From John Arbash Meinel
Subject Re: How many views is ok?
Date
Msg-id 42FFE034.2020809@arbash-meinel.com
Whole thread Raw
In response to How many views is ok?  ("Petr Kavan" <petr.kavan@marekmicro.cz>)
List pgsql-performance
Petr Kavan wrote:

> I have database of company data, and some of them is table of
> information about employees. I need each employee to have access only
> to his own row. Postgre cannot do this by system of privileges,
> because that can give privileges only to whole tables.
>
> Possibility is to create a view for each employee that chooses only
> his data and give employee privileges to this view. But I am not sure
> if such number of views does not have some performance drawbacks or
> even if postgre can support it (I expect i can). I would need several
> tables protected like this and it can result in, say 1000 views in
> maximum.
>
> Because access to DB will go through PHP information system, other
> possibility to protect data is to let IS connect as more privileged
> than user really is, but let it retrieve only data for that user.
>
> View-approach seems far more clear than this, but im not sure if
> postgre can handle it without problems.

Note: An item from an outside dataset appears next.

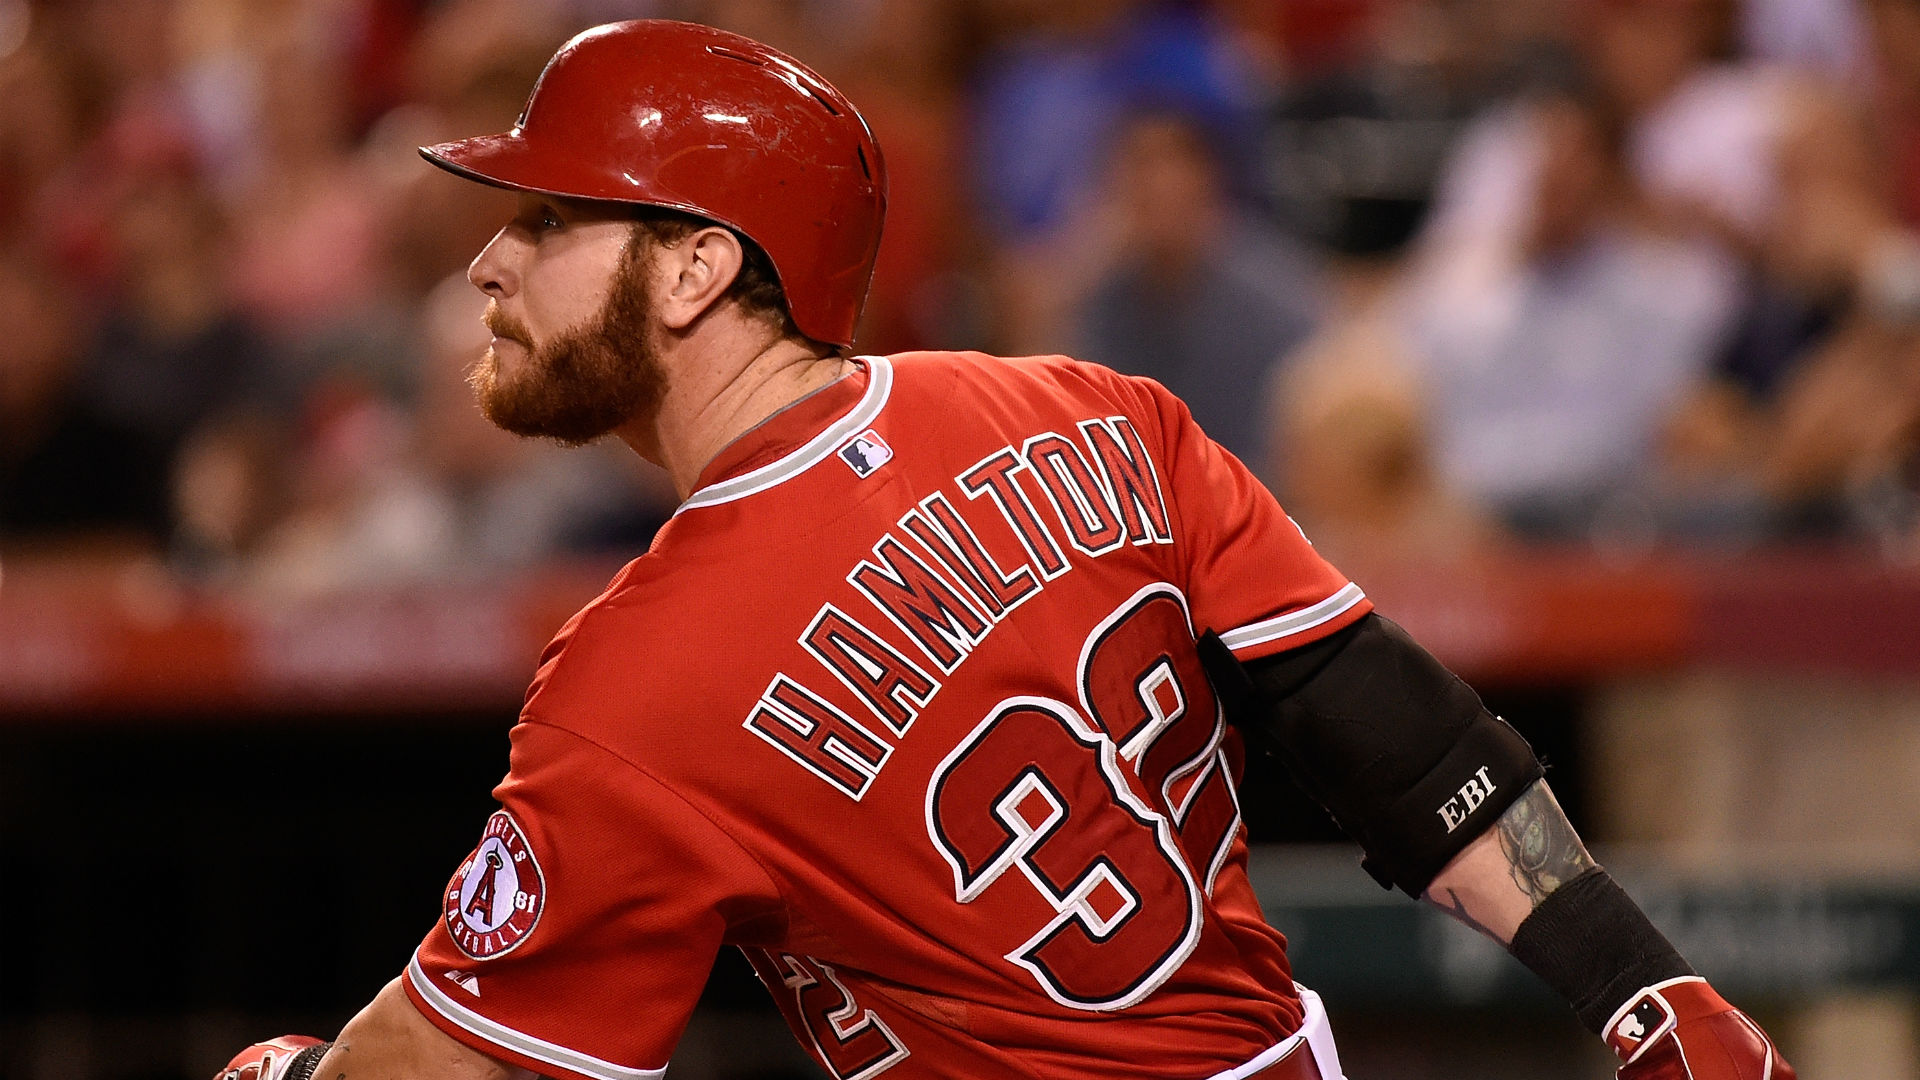 Angels outfielder Josh Hamilton

We do a similar thing tying user to per-row permissions. We have 1 view
per table, and it works fine.
I would recommend that you do something similar. Basically, just make
the view:

CREATE VIEW just_me SECURITY DEFINER AS
    SELECT * FROM user_table WHERE username=session_user;
REVOKE ALL FROM user_table;
GRANT SELECT TO just_me TO PUBLIC;

security definer, means that the 'just_me' view will be executed as the
user who created the function (superuser).
The REVOKE ALL (my syntax might be wrong) prevents users from querying
the user tables directly.
The 'session_user' makes the view use the name of the actual connected
user (because of security definer, plain 'user' is the superuser)
This should allow a user to see only their own row in the database.
(Whichever rows that have username matching the connected name).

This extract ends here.